But a championship is a combination of a million things little and big. I want to put a little spotlight on these three.
1) Mitch Kupchak. While everyone has talked about how this title completes a cycle of redemption for Kobe, it does the same for Mitch as well. He just tends to avoid the cameras.
Jodial said it very well in the comments.
No one has earned this title more than him — here’s a guy who was being roasted alive two years ago, had season ticket holders telling him to his face that he needed to resign at a town hall meeting, and even when he was shepherding championship teams earlier this decade, was seen as nothing but Jerry West’s puppet.
For all the great moves Mitch has made (getting Lamar for Shaq, stealing Pau, nabbing Ariza for Cook and Evans, etc.), none was more important or gutsy than the one that seems the most obvious today: He did not trade Kobe Bryant. Many a lesser GM would have panicked and blown the team up, but Mitch recognized that you can’t win a title without a superstar, and he had the best in the league on his roster. Seems simple now, but it sure wasn’t then.

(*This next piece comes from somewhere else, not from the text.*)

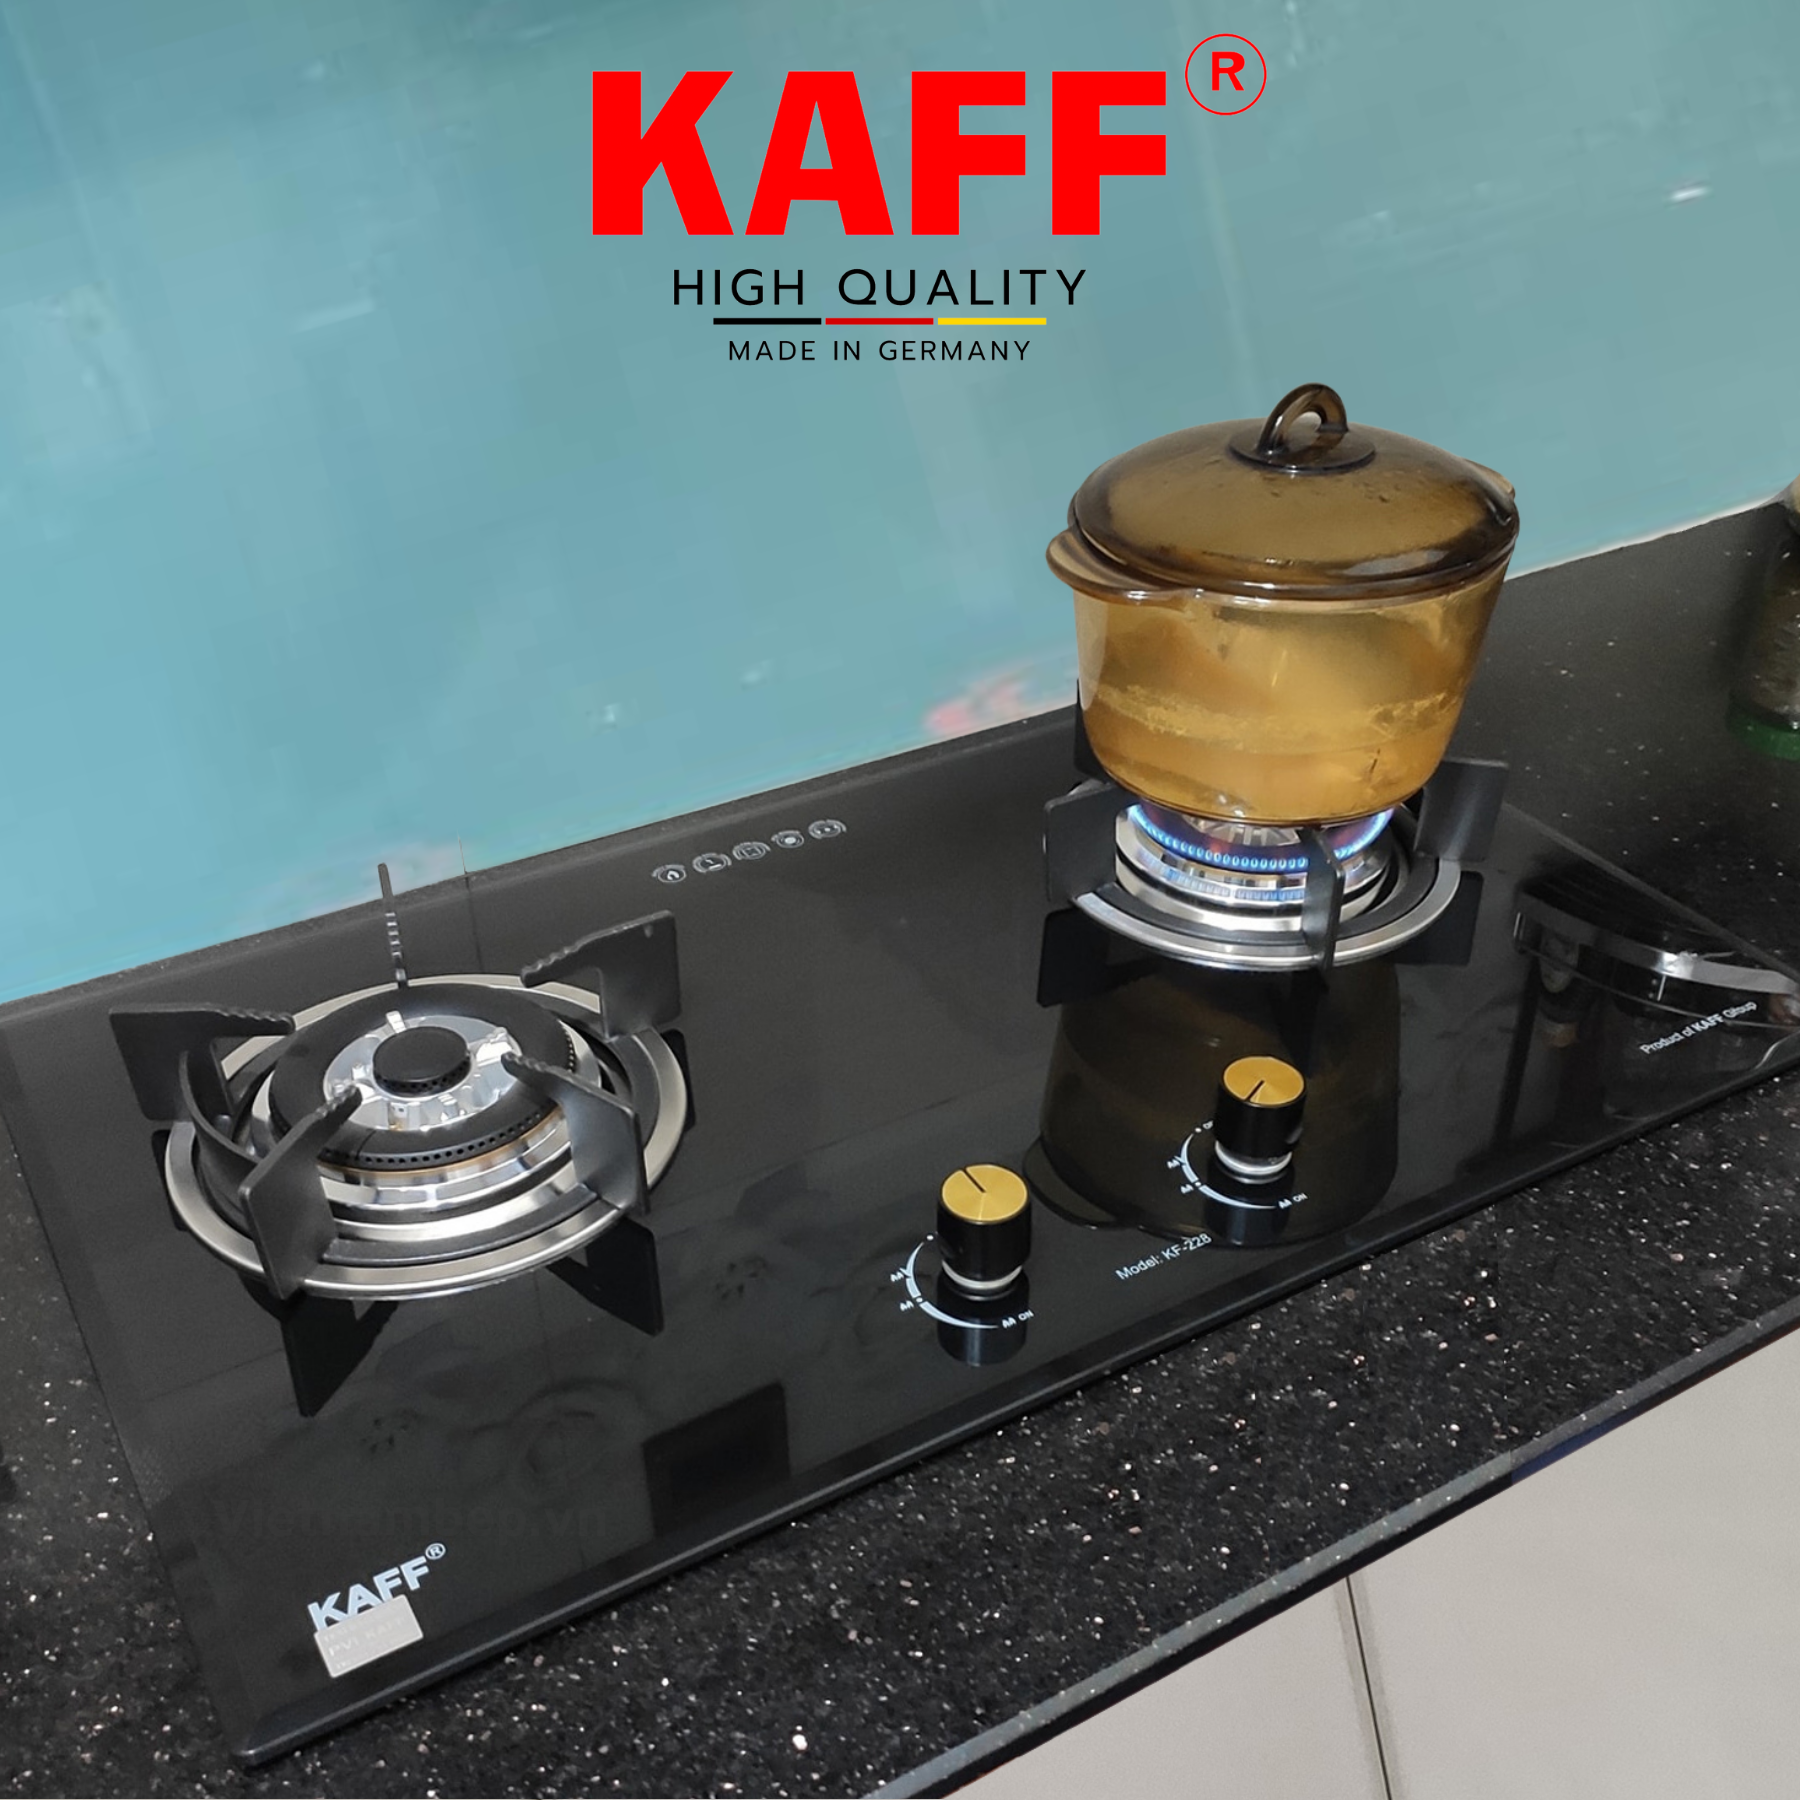 Bộ Bếp ga âm KAFF KF- 228 bao gồm: Bếp ga + chảo chống dính cao cấp + bộ van ga - Hàng chính hãng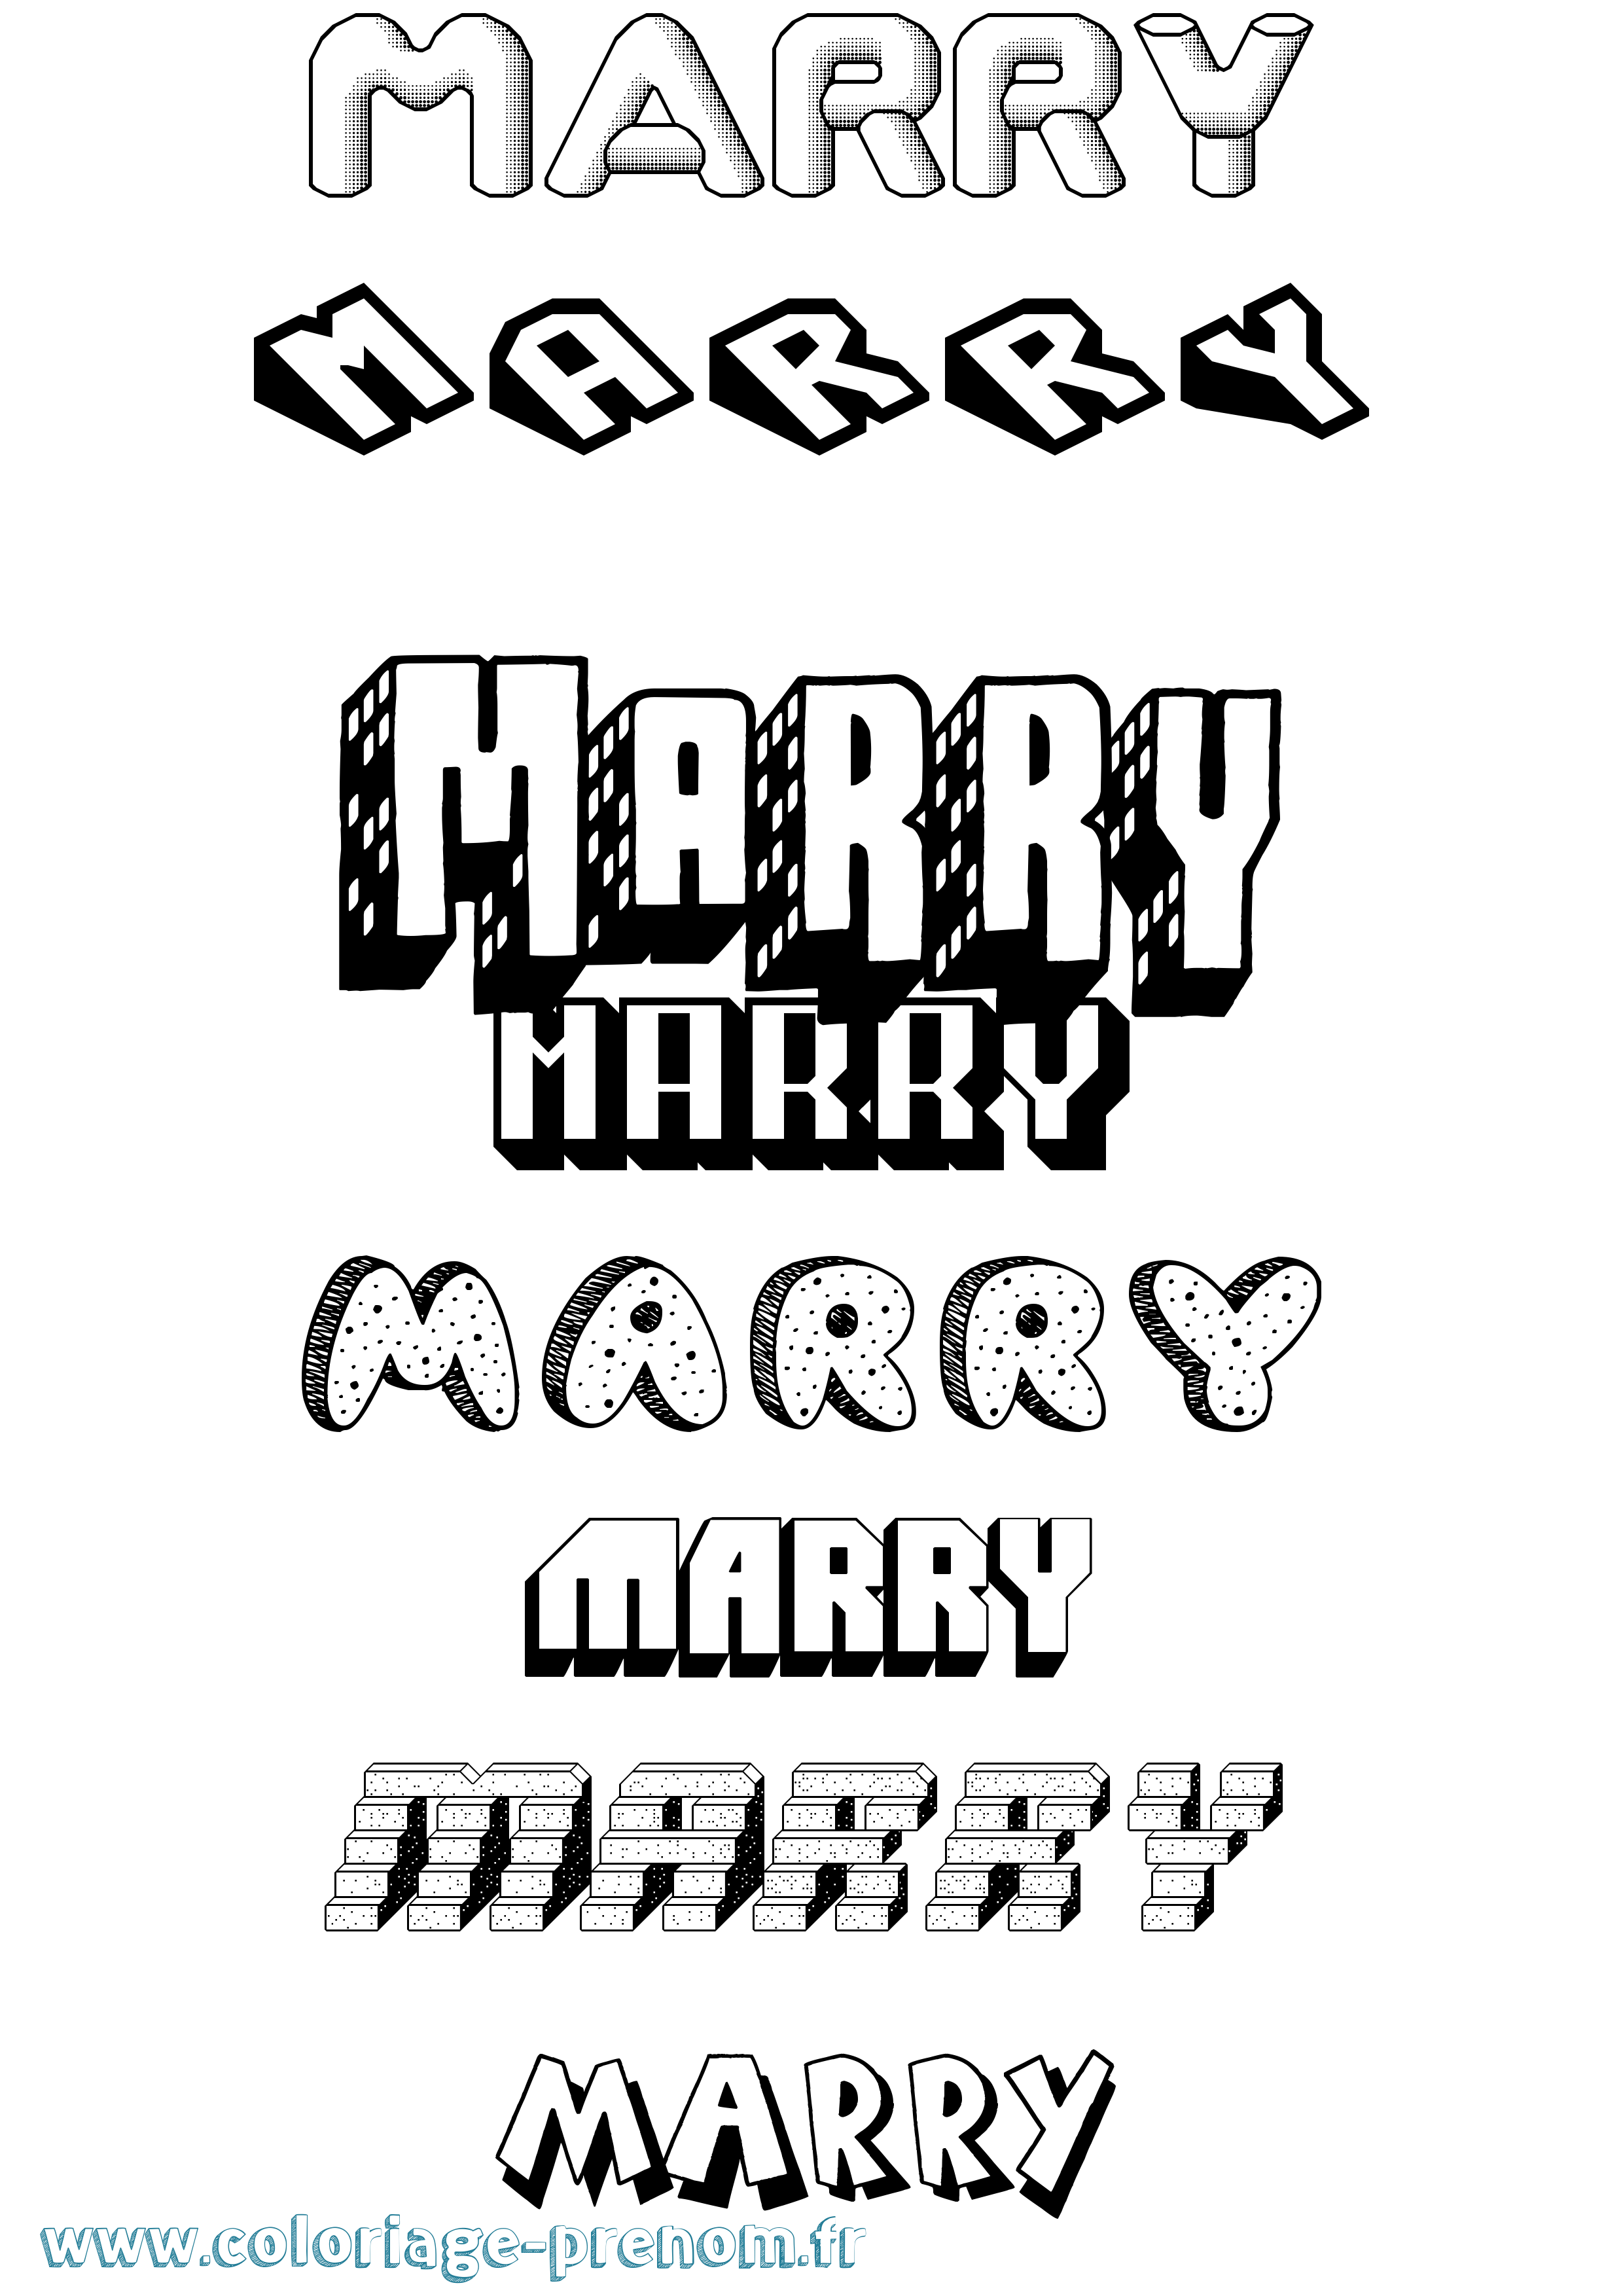 Coloriage prénom Marry Effet 3D

2) Lamar Odom, Team Player. Remember back in training camp, when Phil Jackson went to Odom — a guy entering a contract year — and asked him to come off the bench. He asked him to sacrifice numbers and prestige for the good of the team.
Odom may have been reluctant at first, but he did it. But how many guys would have? How many people would have traded the likelihood of a bigger payday for the potential of a title? Not many.
The Painted Area has a great post on this topic.
3) Kobe Bryant Helping Trevor Ariza Become A Shooter. Great story I had never heard before from my favorite of the Lakers beat guys, Kevin Ding of the OC Register.
“I used it like it was the Bible,” Ariza said.
What we were talking about was the shooting-practice program given to Ariza entering the summer before this season by one Kobe Bryant.
The meaning of the gesture to Ariza – and its net effect in transforming his jump shot and thus this Lakers championship team – make it the quintessence of the latter-day Bryant as a teammate…
“I just got in the gym every day and worked. I used what he told me, used some things that he gave me to do. And I just worked.”
It worked. Ariza had made nine 3-pointers in his first four NBA seasons. This season, he made 61 as a prelude to his 47.6 percent playoff marksmanship that Bynum described with bugged-out eyes this way: “His shooting is ridiculous at this point.”
Those are just three of the seemingly millions of things that have gone right at the right time.